The left and right eye closure value was defined as the ratio of that eyelid closed, then calculated between 0, the value for completely opened eyes, and 1, the value for eyes that are entirely closed. Both left and right eyes closure values were summed, giving the eye-closure value a confidence value between 0 and 1.

Blink duration was calculated as the sum of common blinking time divided by the number of blinks. The common blinking definition was in the same way as blink duration with 60Hz sampling.

2.5 Procedure

To remove noise factors that may interfere with the flow, experiments were conducted in a quiet, isolated area. A curtain separated the participants from the experimenters. To provide similar illumination, all experiments were done in rooms with similar fluorescent lighting. A comfortable room temperature was also maintained throughout.
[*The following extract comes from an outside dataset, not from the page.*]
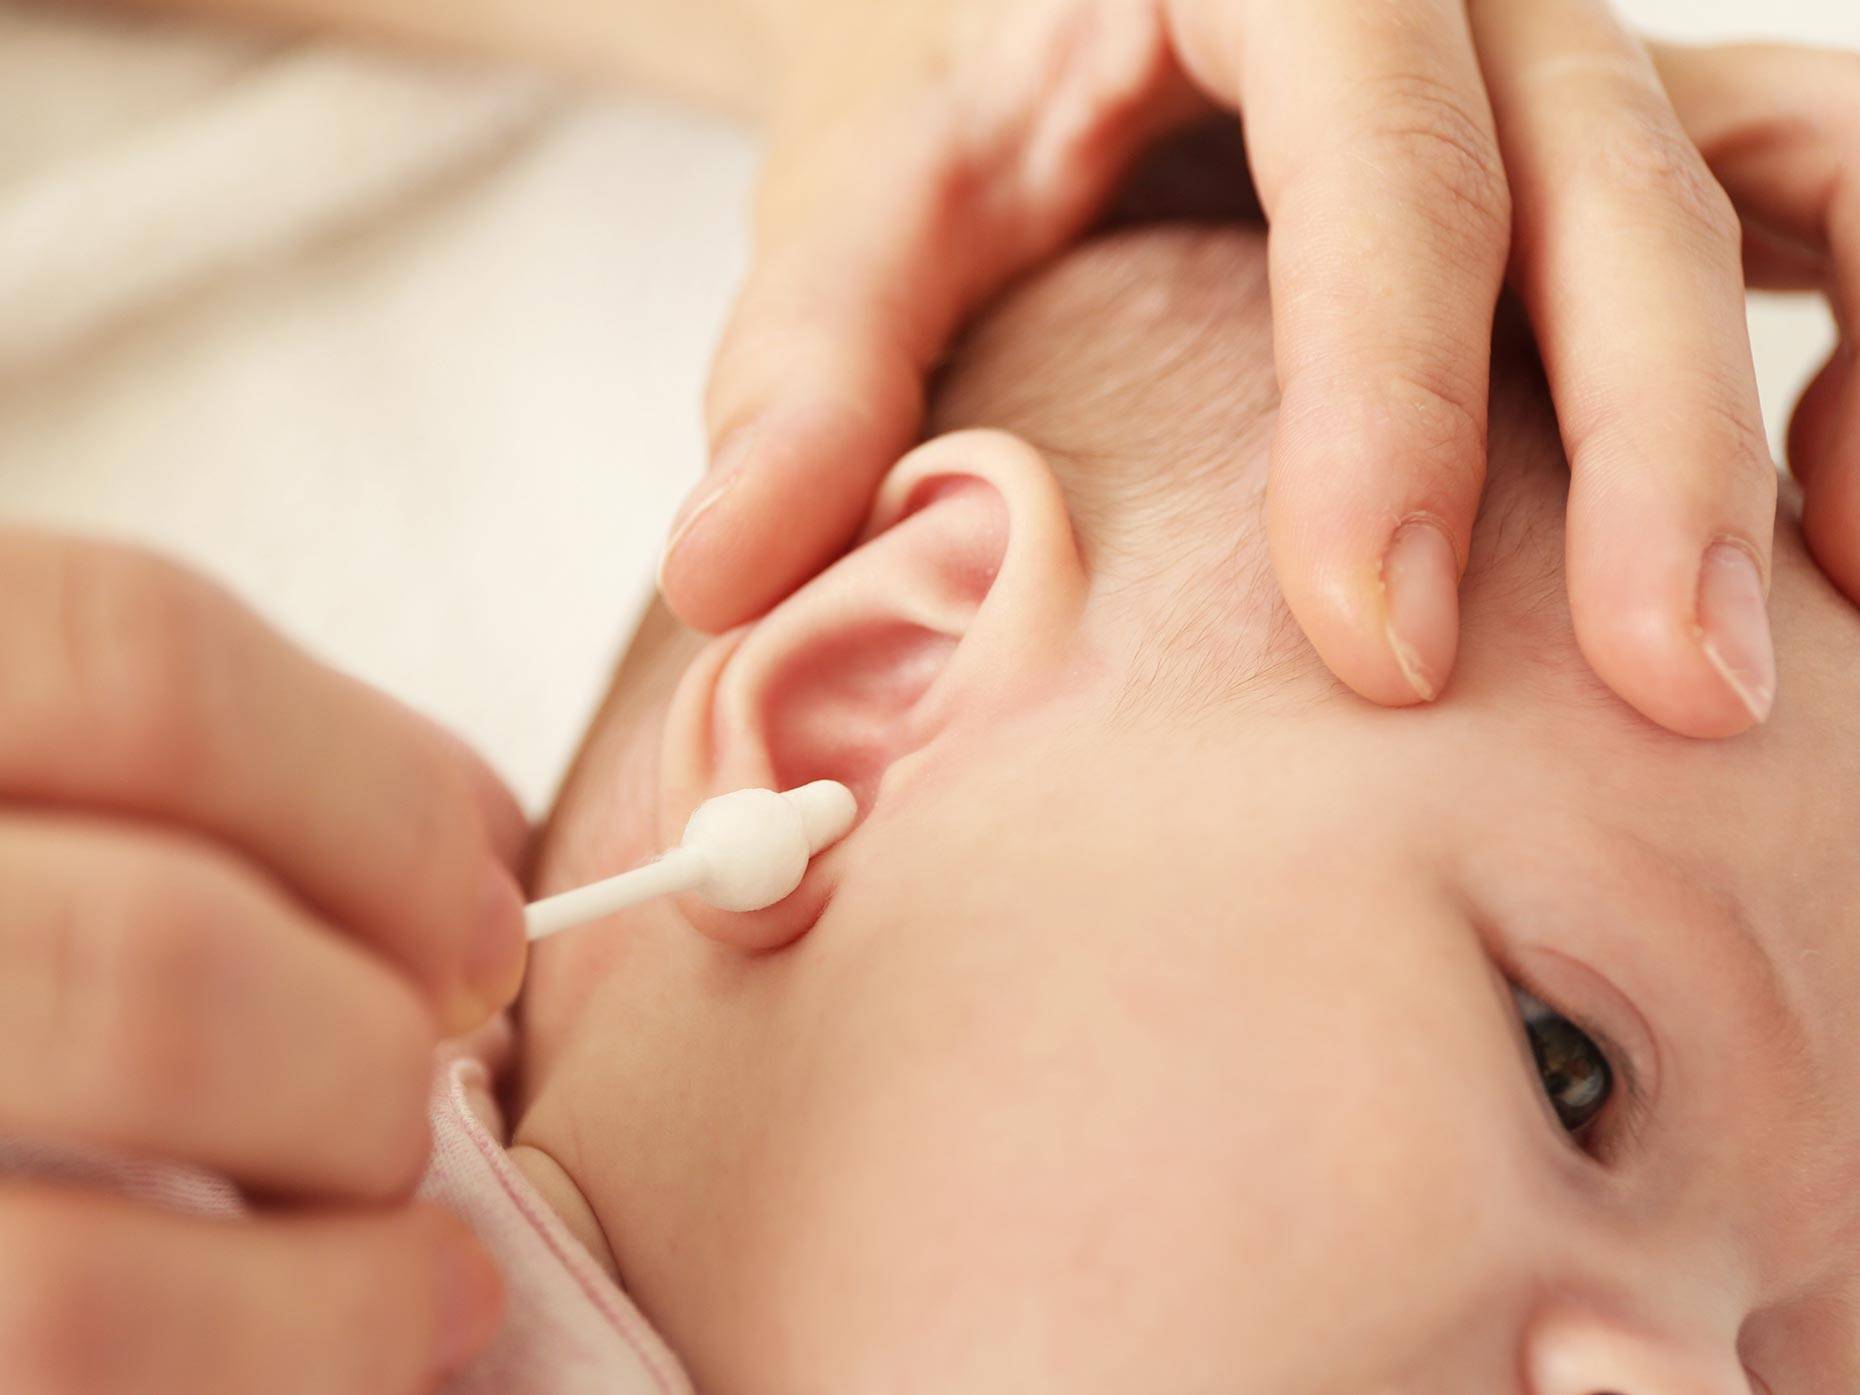 Уход за ушами новорожденного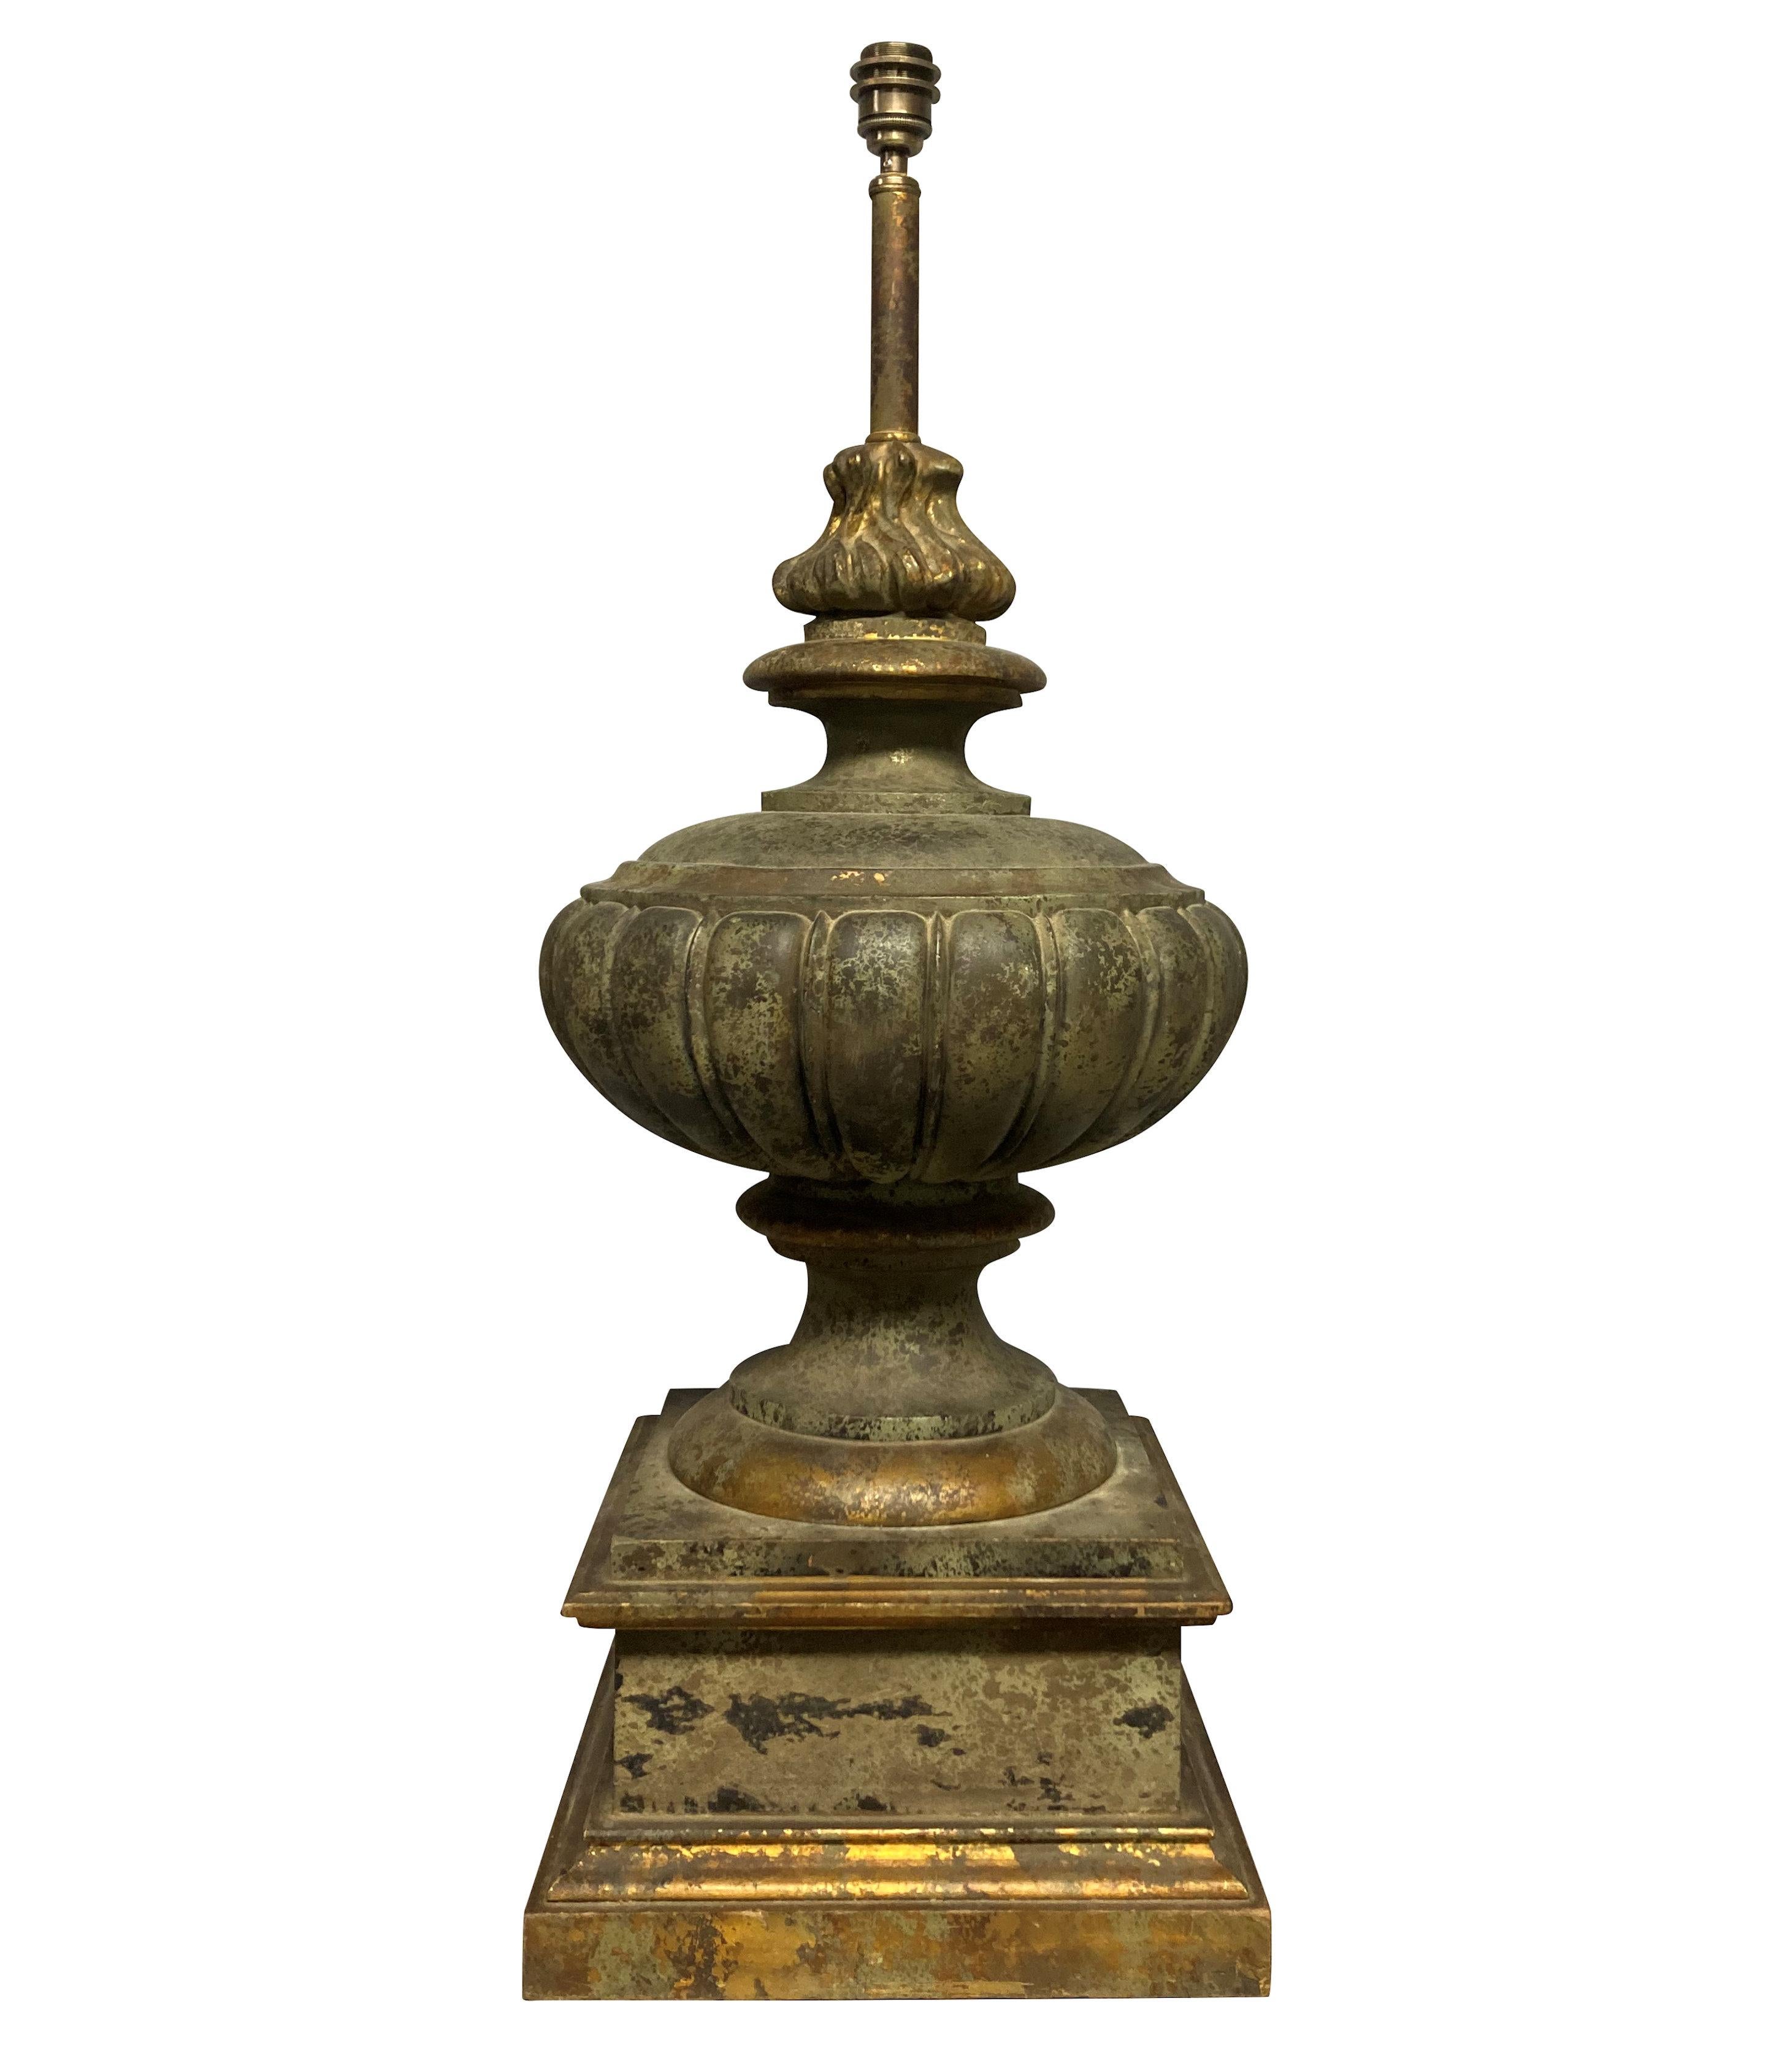 Paire de grandes lampes classiques anglaises en faux bronze, sur socle, avec fleurons en forme de flamme. Peint et doré.

Before beginning, the experimenter explained to each participant the procedure and precautions and recorded demographic and visual information concerning each participant. The Experimenters gave the participants' goals to achieve during their play which were set slightly higher than what they achieved during their 15 minutes of practice play. We did not reveal to the participants how much time had passed during gameplay. The participants were instructed to play a game until told by the experimenter to stop.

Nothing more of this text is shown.